A simple new approach to treating insomnia could be the key to treating depression.
New research studied clients with depression and sleep difficulties who received just 4 bi-weekly sessions of cognitive behavioral therapy for insomnia (CBT-I). Those who resolved their insomnia were almost twice as likely to also resolve their depression within 8 weeks. In fact, 87% of those who saw their insomnia resolve also saw their depression resolve in that short time period.
These findings are remarkable and suggest that focused insomnia treatment, not just the more common sleep hygiene that most psychologists suggest, may need to be a core component of depression treatment, at least among those who are experiencing sleep disturbance.
Excerpt and link to article below:
Doctors have long considered poor sleep to be a symptom of depression that would clear up with treatments, said Rachel Manber, a professor in the psychiatry and behavioral sciences department at Stanford, whose 2008 pilot trial of insomnia therapy provided the rationale for larger studies. “But we now know that’s not the case,” she said. “The relationship is bidirectional — that insomnia can precede the depression.”

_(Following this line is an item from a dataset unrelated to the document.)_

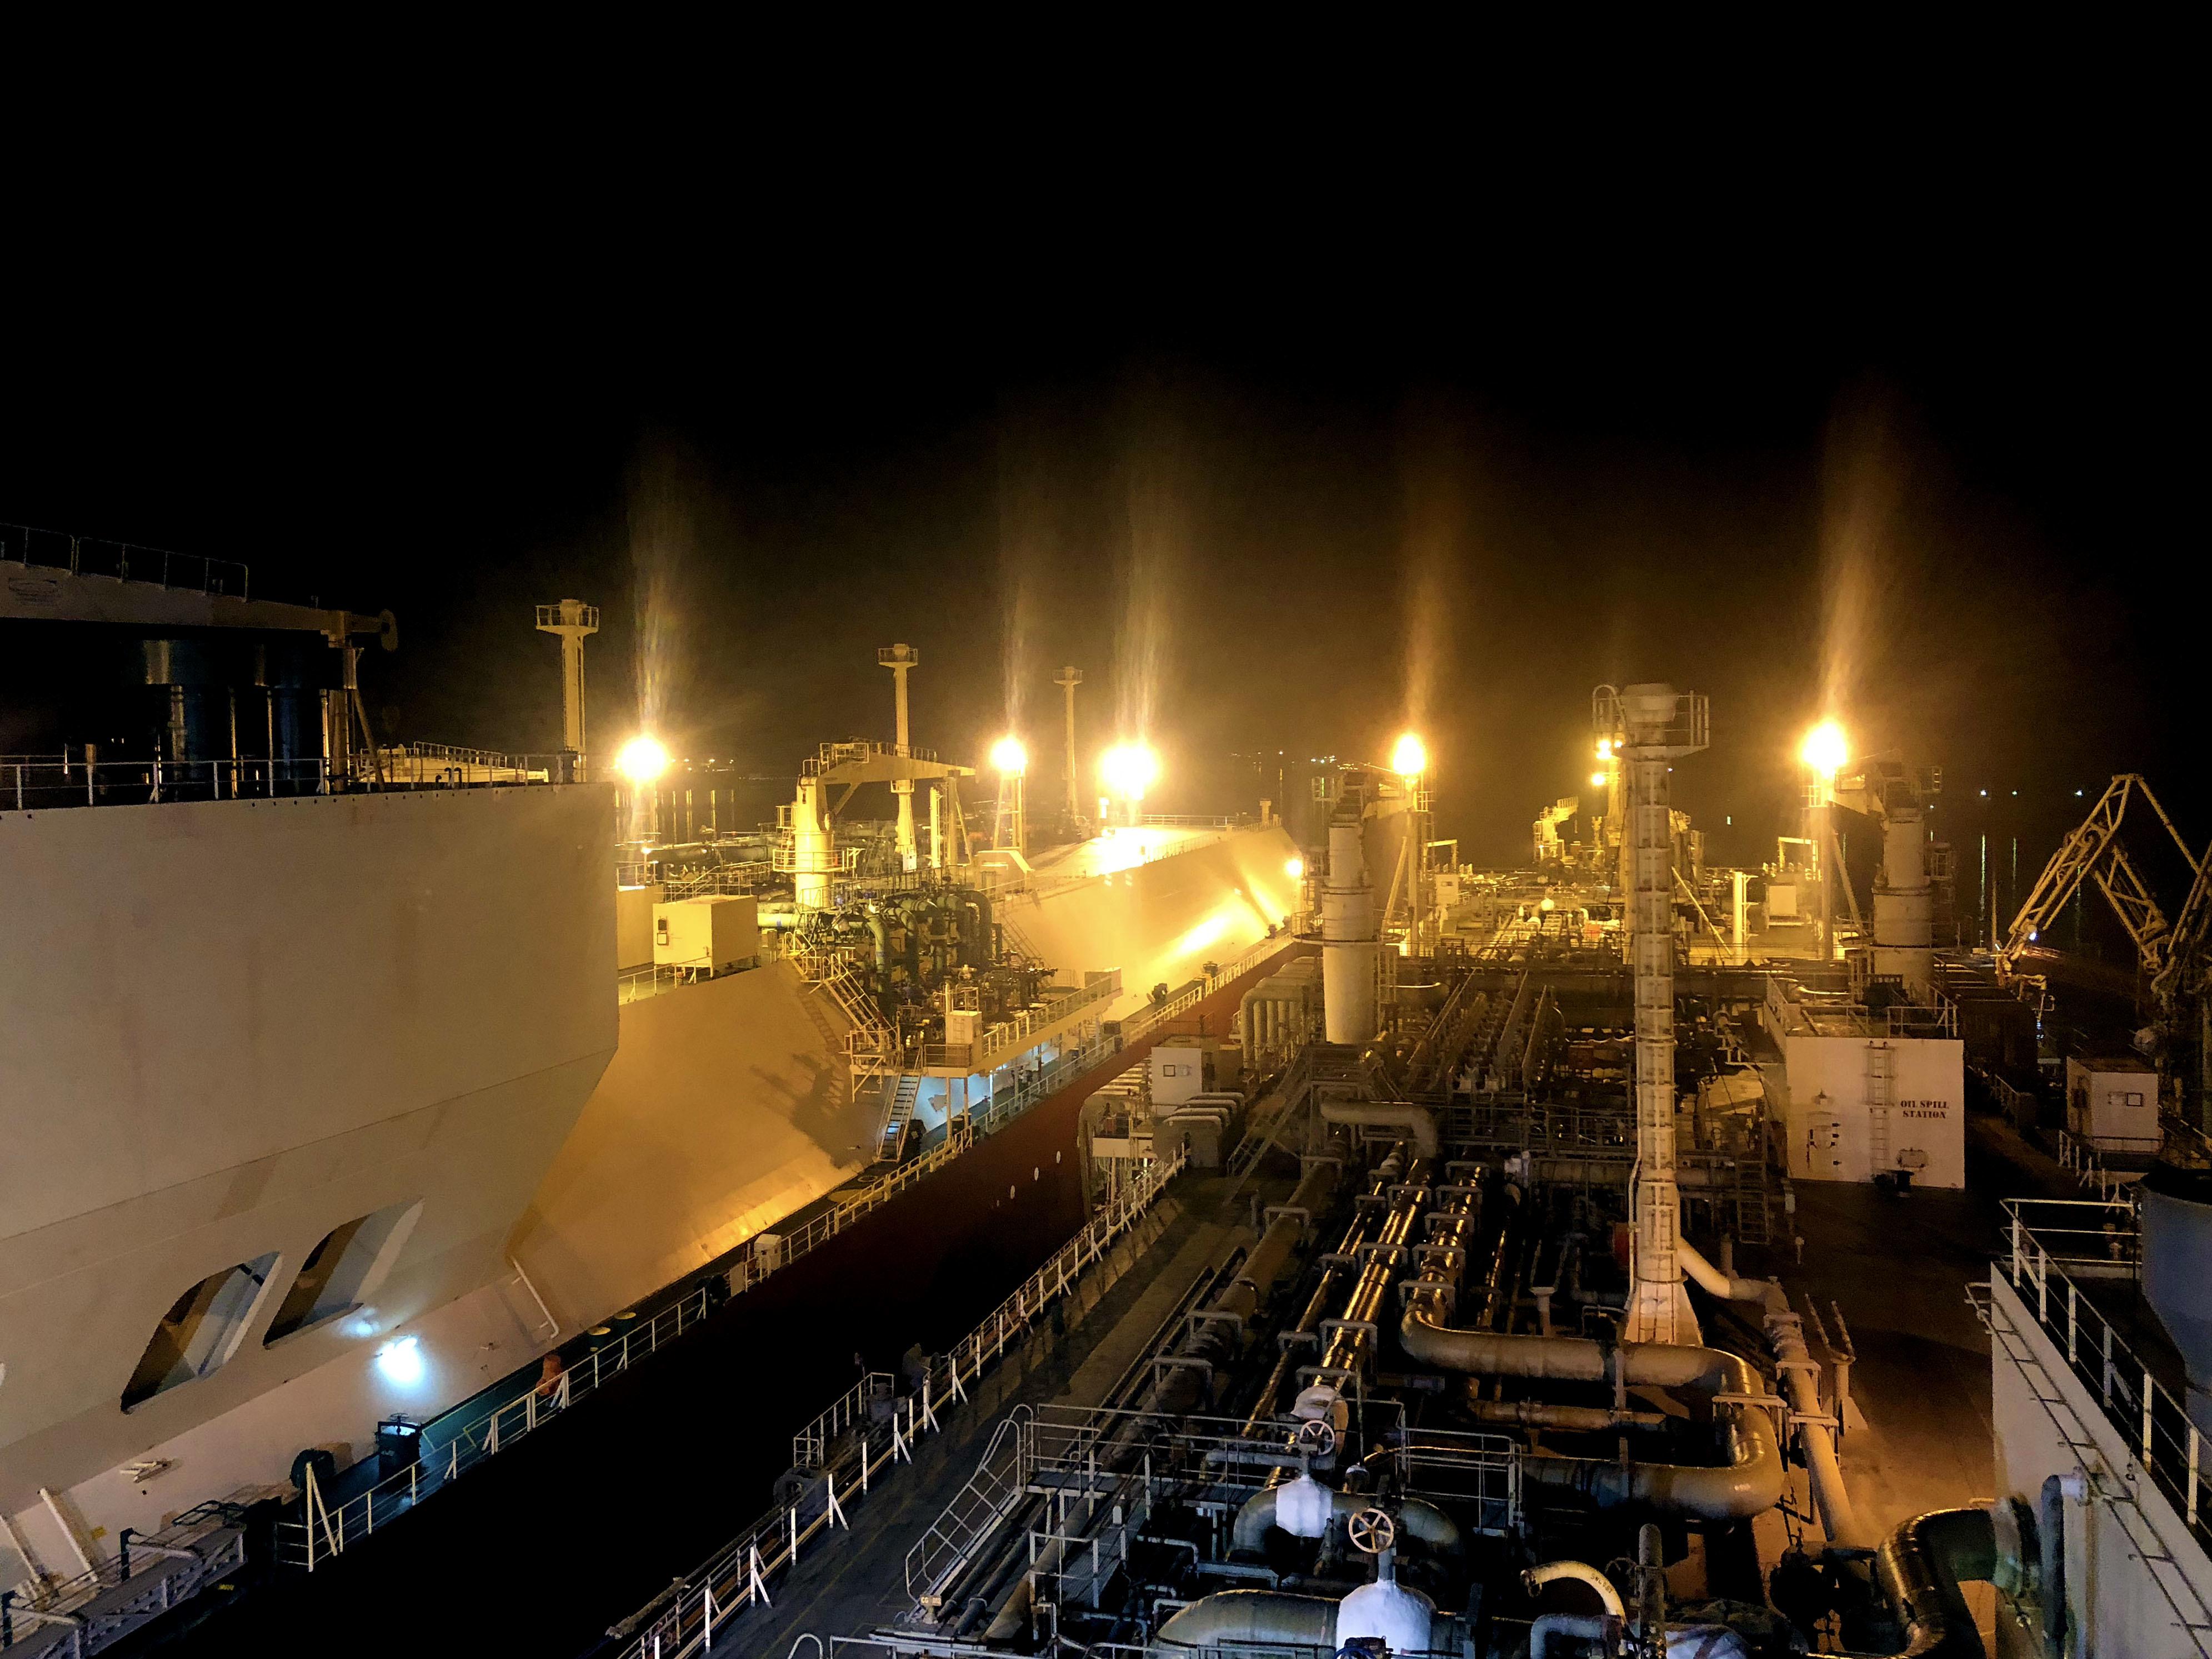 FSRU Exquisite completes 200th STS LNG transfer in Pakistan

Full-blown insomnia is more serious than the sleep problems most people occasionally have. To qualify for a diagnosis, people must have endured at least a month of chronic sleep loss that has caused problems at work, at home or in important relationships. Several studies now suggest that developing insomnia doubles a person’s risk of later becoming depressed — the sleep problem preceding the mood disorder, rather than the other way around.